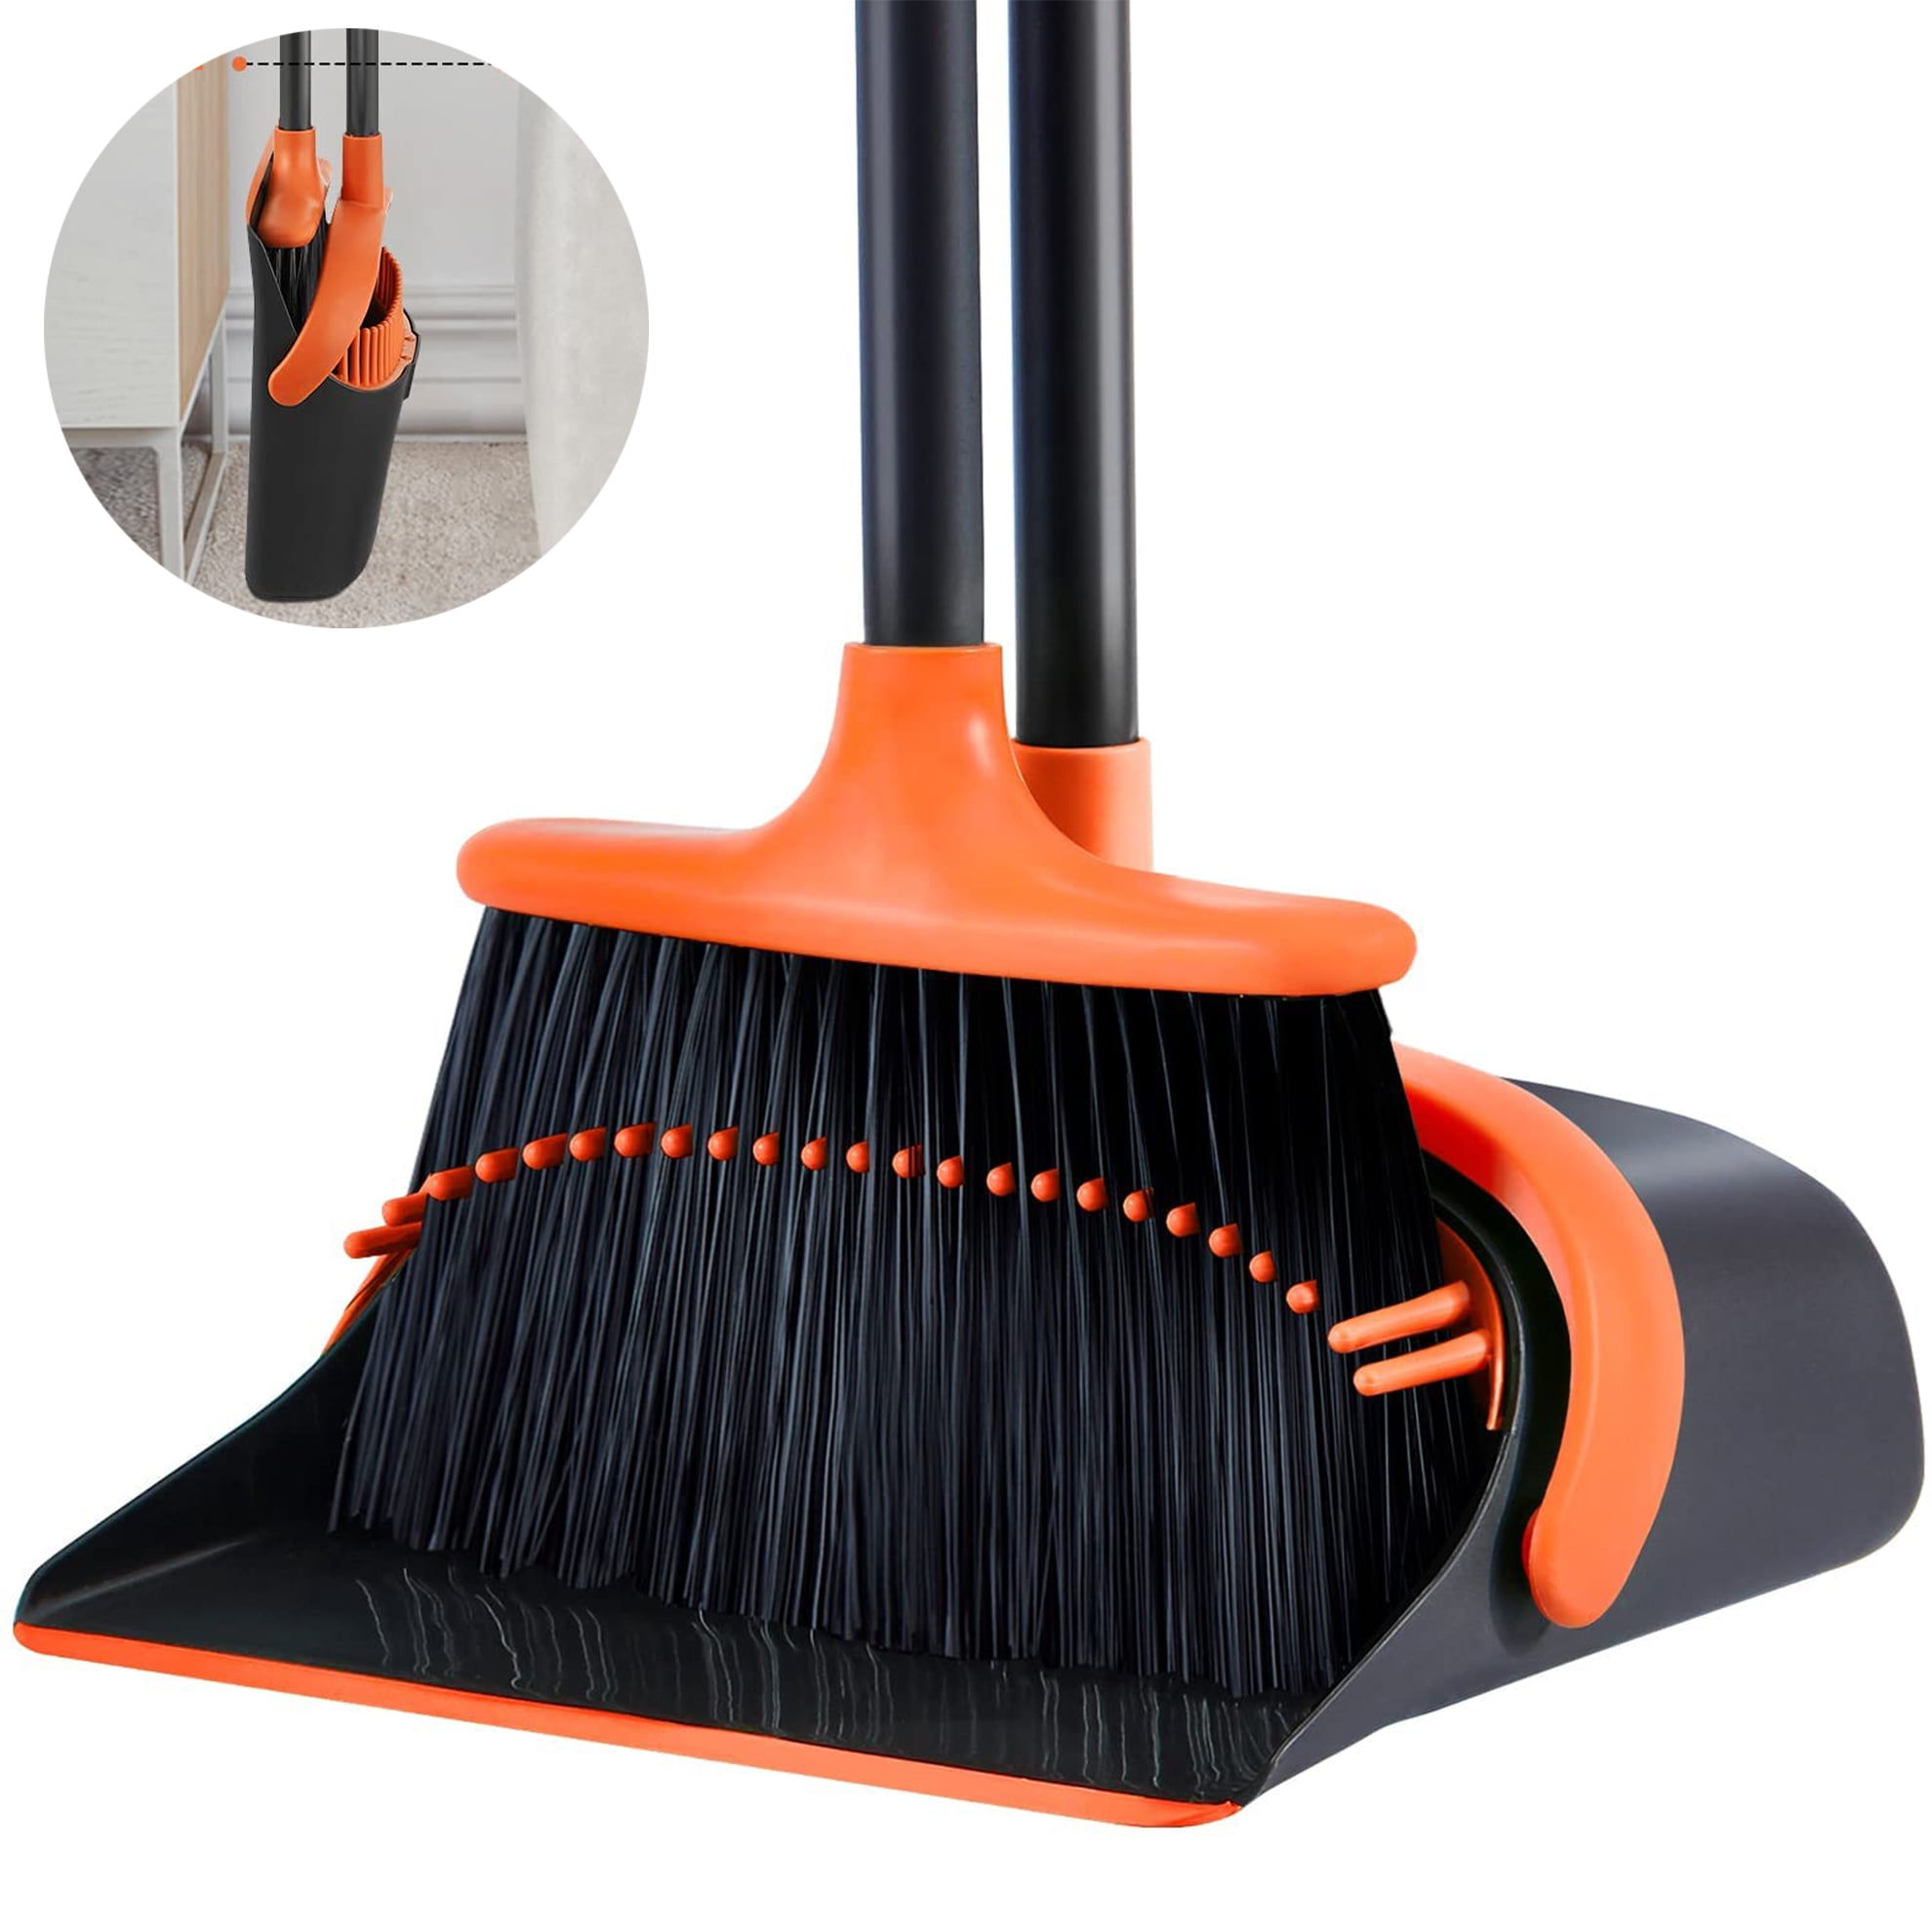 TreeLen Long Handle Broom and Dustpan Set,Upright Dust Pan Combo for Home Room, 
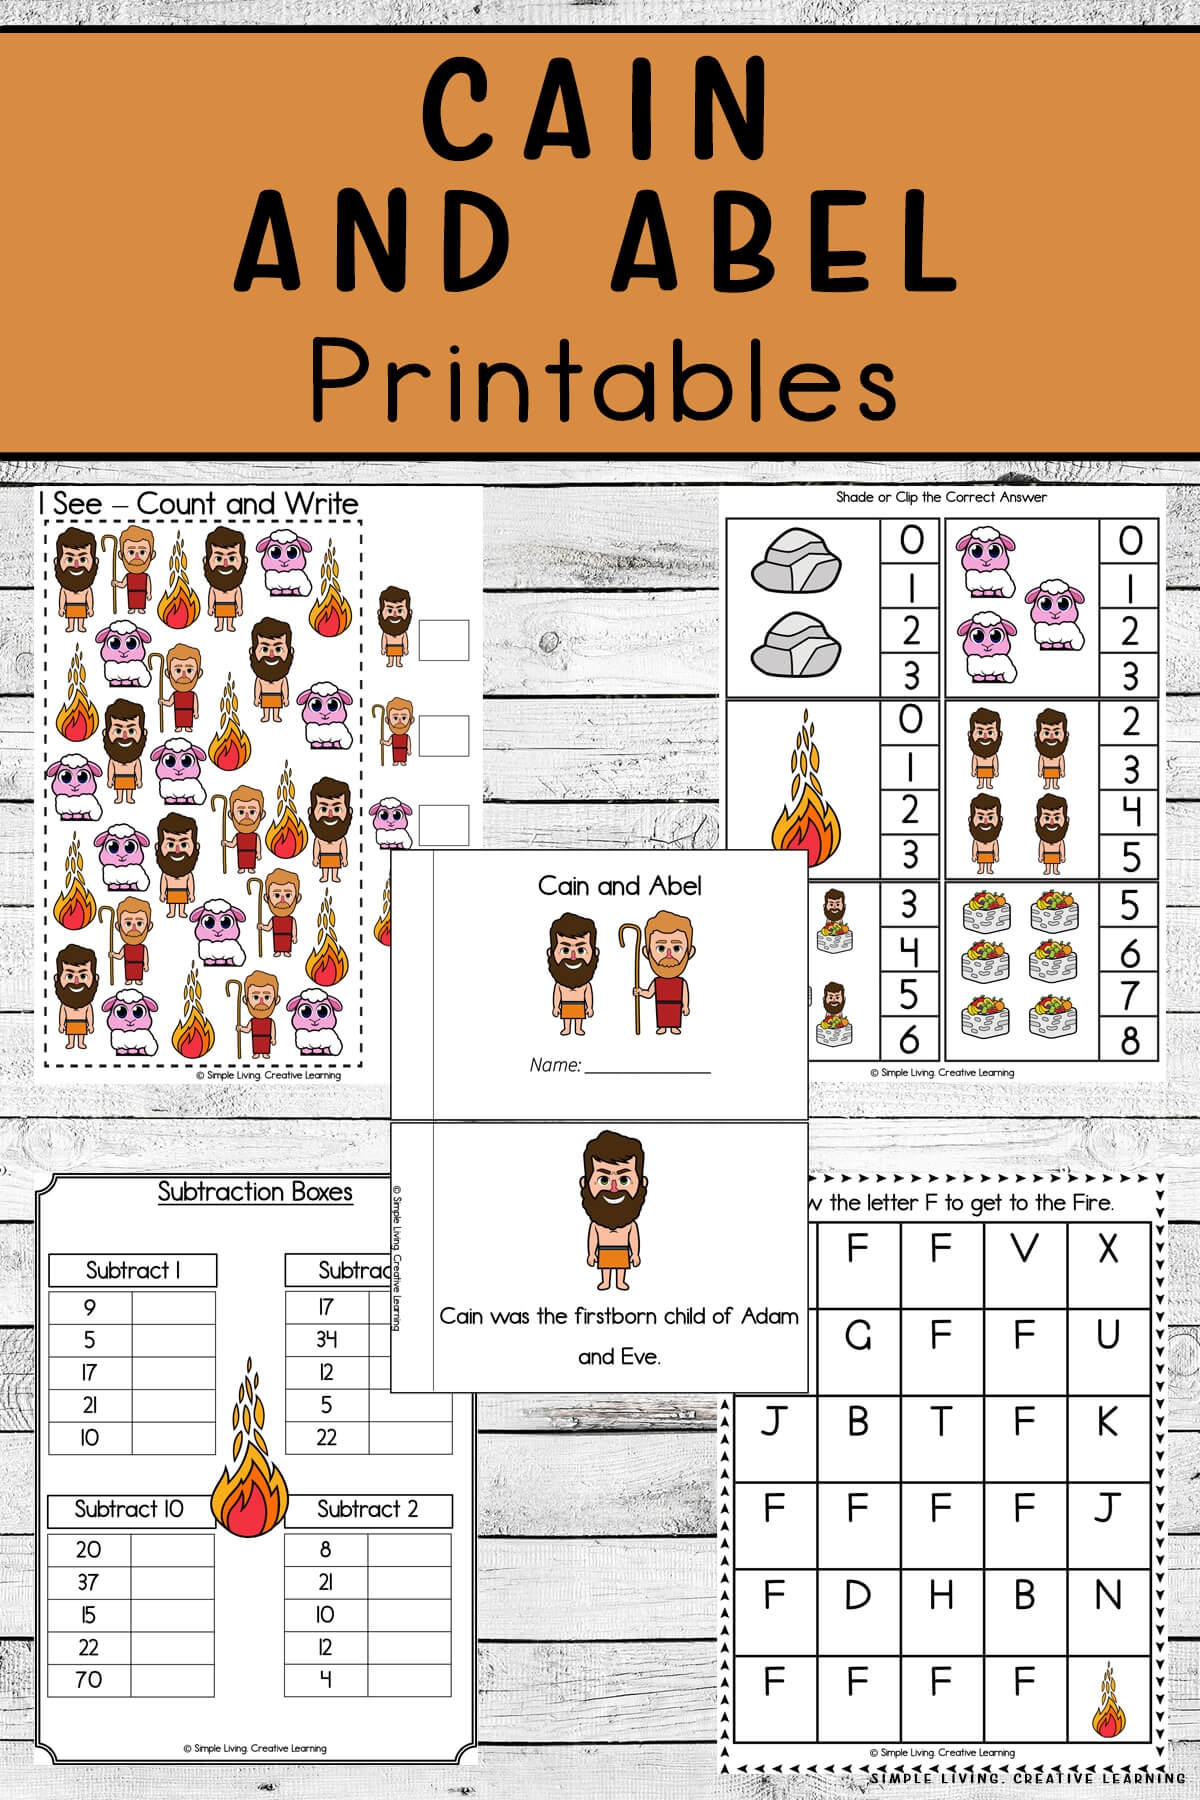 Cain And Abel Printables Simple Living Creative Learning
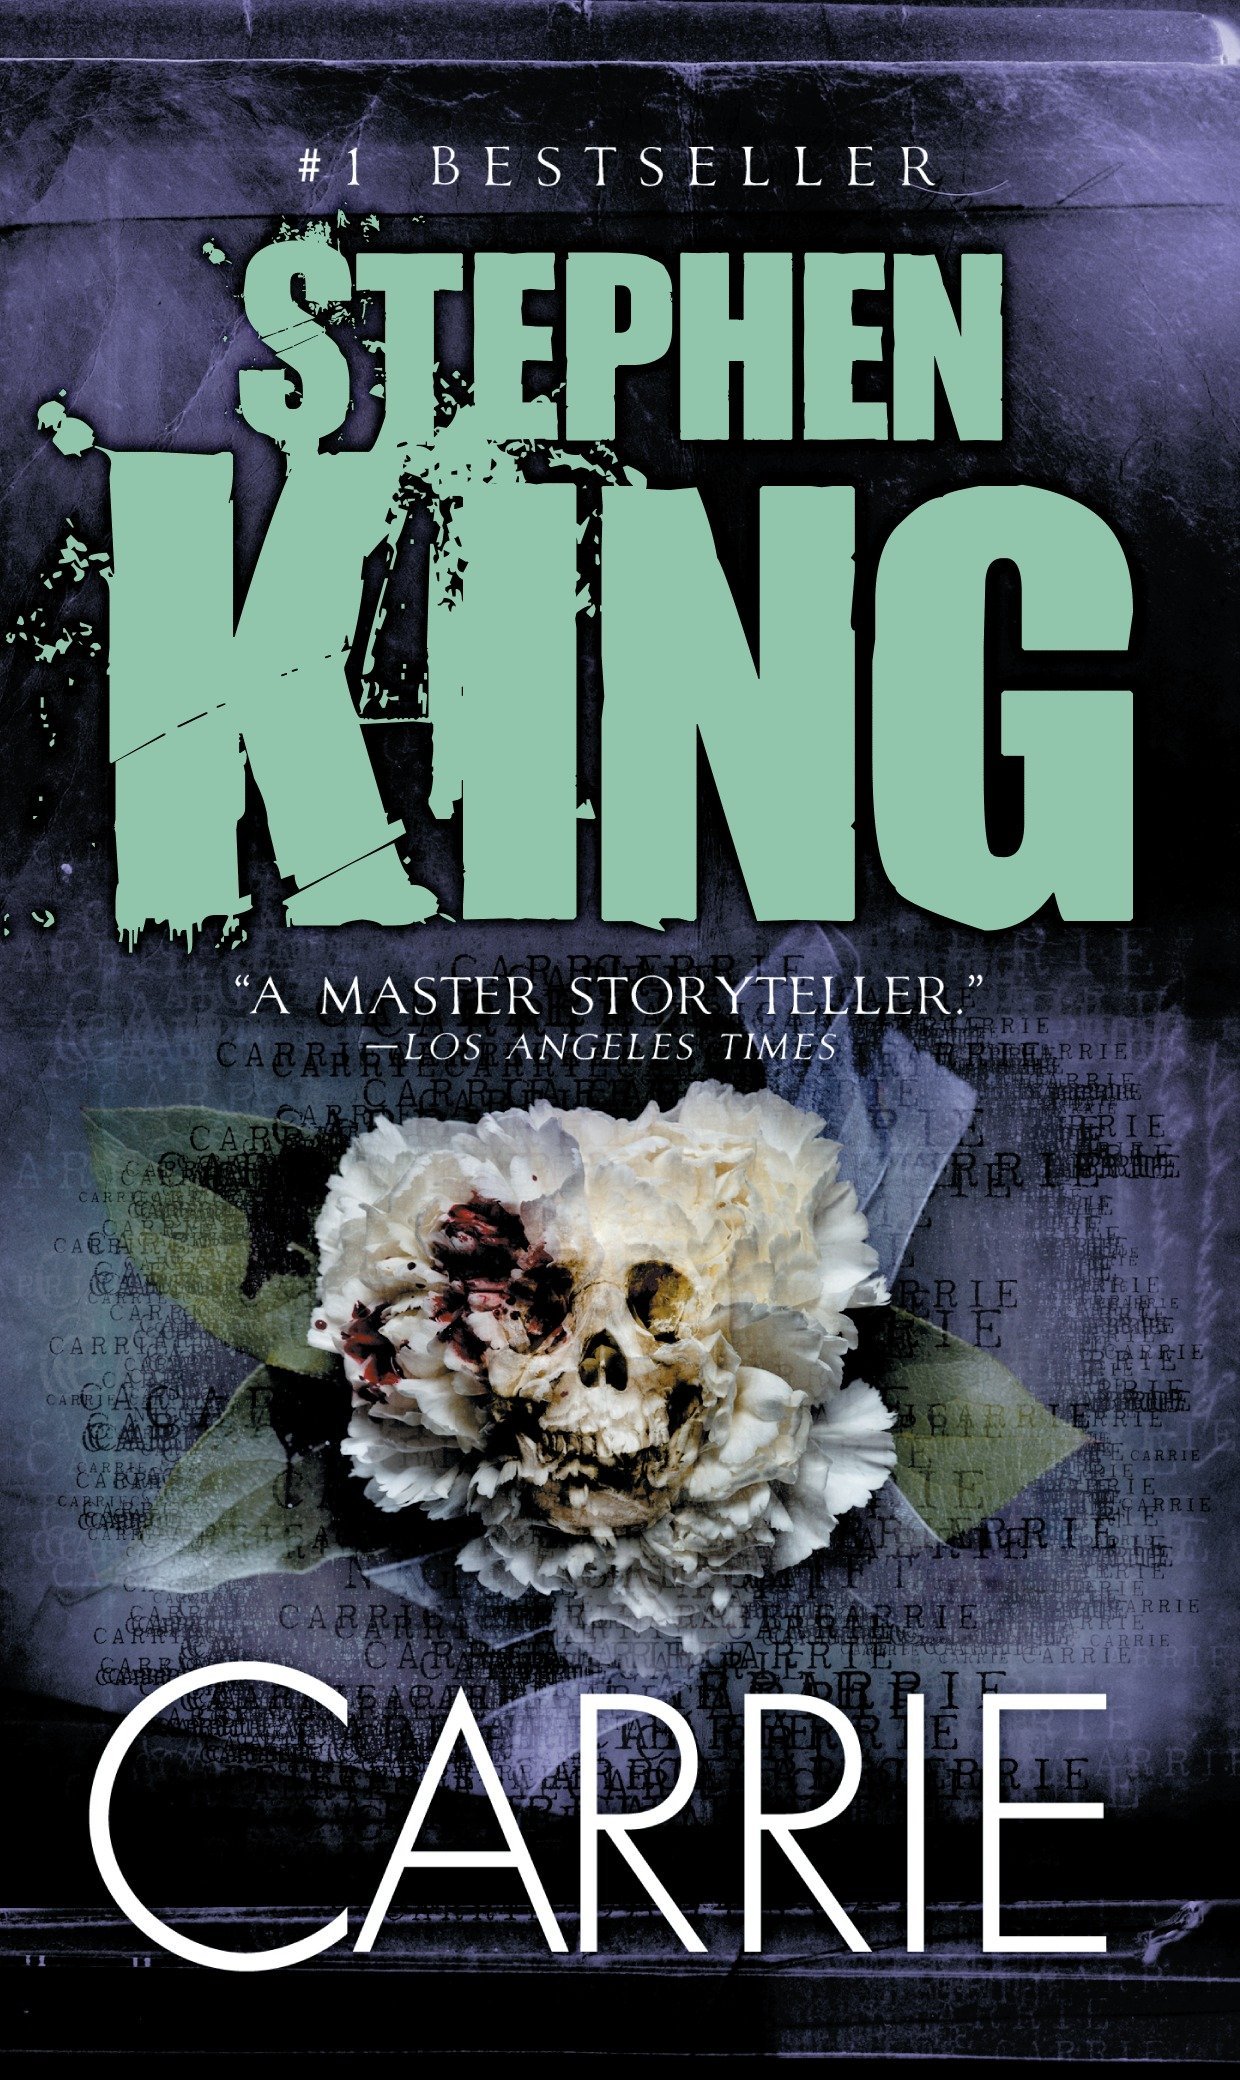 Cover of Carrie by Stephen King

:::

Task objective
Output all the data, exactly, without images.

Solution to this problem
 TreeLen Long Handle Broom and Dustpan Set,Upright Dust Pan Combo for Home Room, 
 Cain And Abel Printables Simple Living Creative Learning
 Cover of Carrie by Stephen King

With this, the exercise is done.